### WHAT YOU ARE ASKED TO DO
Please repeat the lines below, exactly and only, from the one that holds "Рубашка Лаборатория Моды G233 серый" through the one that holds "Jezioro Lachotka (zwane".
---------- INPUT RECORDS
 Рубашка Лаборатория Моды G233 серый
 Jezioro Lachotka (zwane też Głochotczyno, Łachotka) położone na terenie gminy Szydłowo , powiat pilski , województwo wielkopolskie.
--------------------
---------- INPUT RECORDS
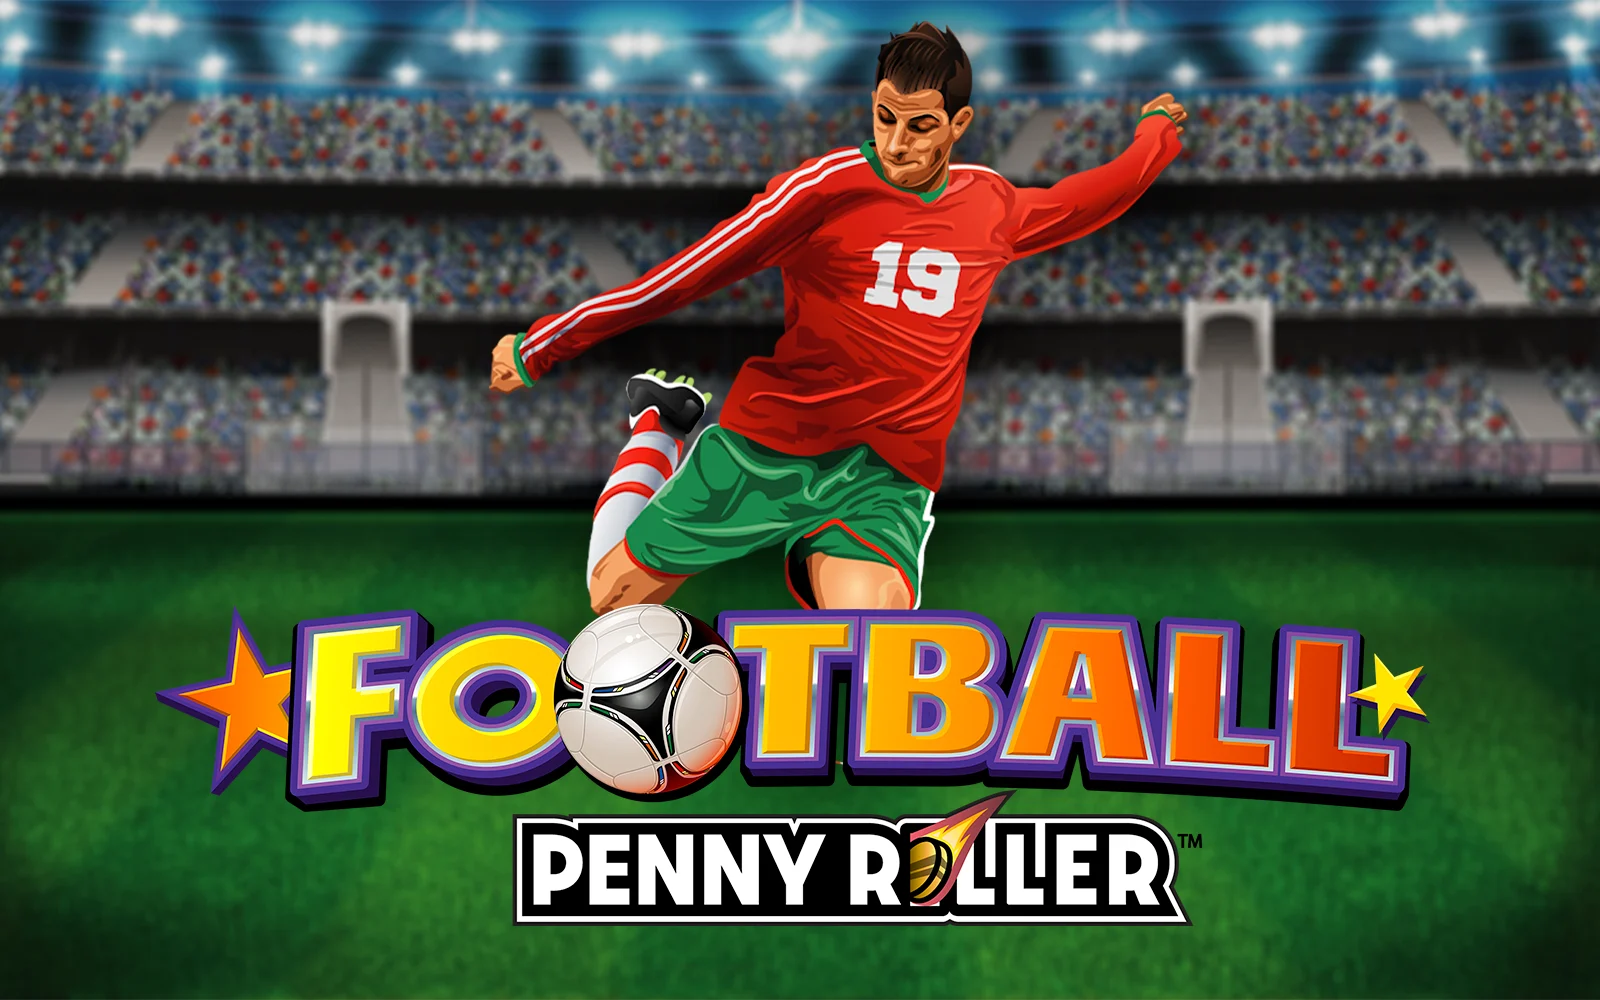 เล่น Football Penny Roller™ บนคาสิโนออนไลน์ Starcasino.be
--------------------
### FINISHED TASK
 Рубашка Лаборатория Моды G233 серый
 Jezioro Lachotka (zwane też Głochotczyno, Łachotka) położone na terenie gminy Szydłowo , powiat pilski , województwo wielkopolskie.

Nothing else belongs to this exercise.